Природа христианского послушания весьма сложна. Она была частично рассмотрена святыми Отцами (читатель может познакомитсья с ней в Добротолюбии, например). Кроме того, небольшой тезис о послушании в семинарии помещен в очерке «Осторожно, двери закрываются», поэтому здесь мы не будем перегружать повествание философскими изысканиями на данную тему.
Если требовалось «сходить на послушание» в столь поздний час, да к тому же помощник искал людей во святая святых – общежитии четвертых курсов, - сие не предвещало ничего хорошего, а скорее означало нечто экстраординарное по своей тяжести.
- А какое послушание? – вопросил отрок.
- Пришла машина с мукой. Понимаете, да не одна, а с прицепом. Там многие ребята уже трудятся, но все равно не хватает людей. Это же в ваших интересах. Чем больше студентов соберется, тем быстрее они разгрузят продовольствие, которое кстати будет употреблено вами самими в пищу.
Слыша эту логическую вилку и осознавая, что шансов избежать работы практически нет, Алексий мысленно сдался, но последний лучик надежды блеснул в его голове:
- А давно машина пришла?
- Час назад.
«Лучик» пропал. Ибо в течение часа процесс разгрузки обычно лишь начинался.
- Ладно, записывайте, я пойду за рабочей одеждой, - еще раз сморкнувшиь в себя, Леша удалился.
- Так, Сергей, добрый вечер. Вы дежурный? – вкрадчивый голос Соколова заставил бедного Сережу задуматься, он ли действительно присутствовал на вахте или нет, чтобы избежать обмана.
- Да, я, Михал Николаевич.
- Тогда объясните мне, что, здесь происходит. Почему Вы закричали? Куда все разбежались? Кто здесь находился? Да, и самое главное, кто Вам сейчас звонил?
Расследование началось.
В подобной ситуации даже если семинарист желал объяснться, а тем более «отмазать» (покрыть вину) своих товарищей, единственная фраза рефлекторно вырывалась у него из уст: «Да я не знаю, если честно. Вот сидели, играли с Алексеем. Я даже и не видел, кто еще наблюдал за партией»

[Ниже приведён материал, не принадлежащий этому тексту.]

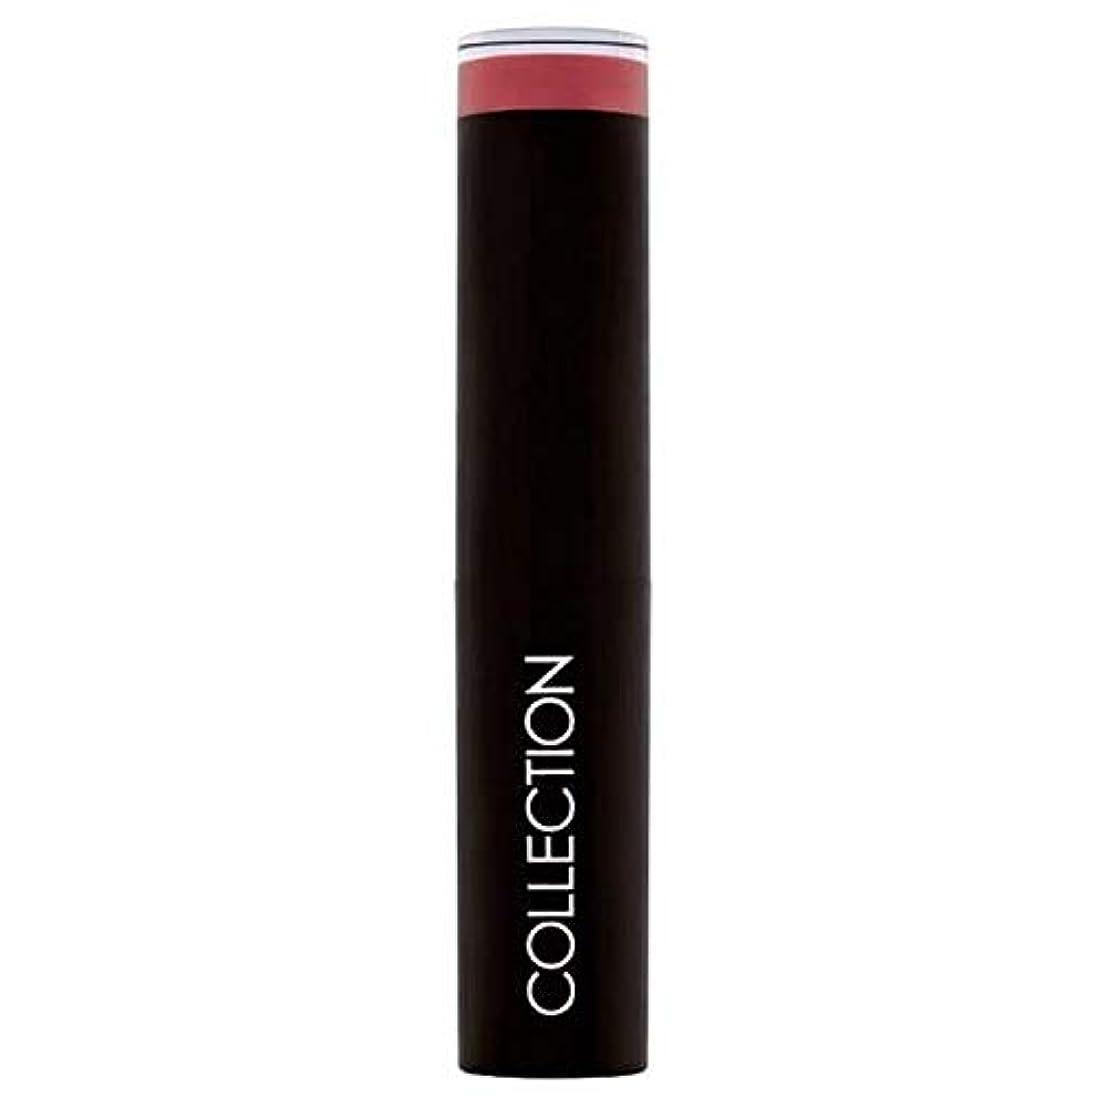 誇張する端保持[Collection ] コレクション強烈な輝きゲル口紅破砕梅3 - Collection Intense Shine Gel Lipstick Crushed Plum 3 [並行輸入品]

- А почему Вы вдруг закричали?
- Кто, я?! – выражение лица вопрошаемого заставило Пушкина засомневаться, – Я не кричал.
- Нет, это были Вы.
- Я?! Ну может быть я просто что-то громко произнес. Что-то вырвалось из уст моих во время столь напряженной баталии. (Сереже была свойственна ирония).
- Да, но Вы закричали, после чего все разбежались. Как это понимать?
Было ясно, что Пушкин о многом догадался. Масса улик собралась в его голове. Теперь оставалось воплотить их в логическую цепочку. Это было самым сложным звеном в расследовании.
- Может быть, они испугались того, что я так громко выразил свои чувства? – Серей продолжал «плетение словес».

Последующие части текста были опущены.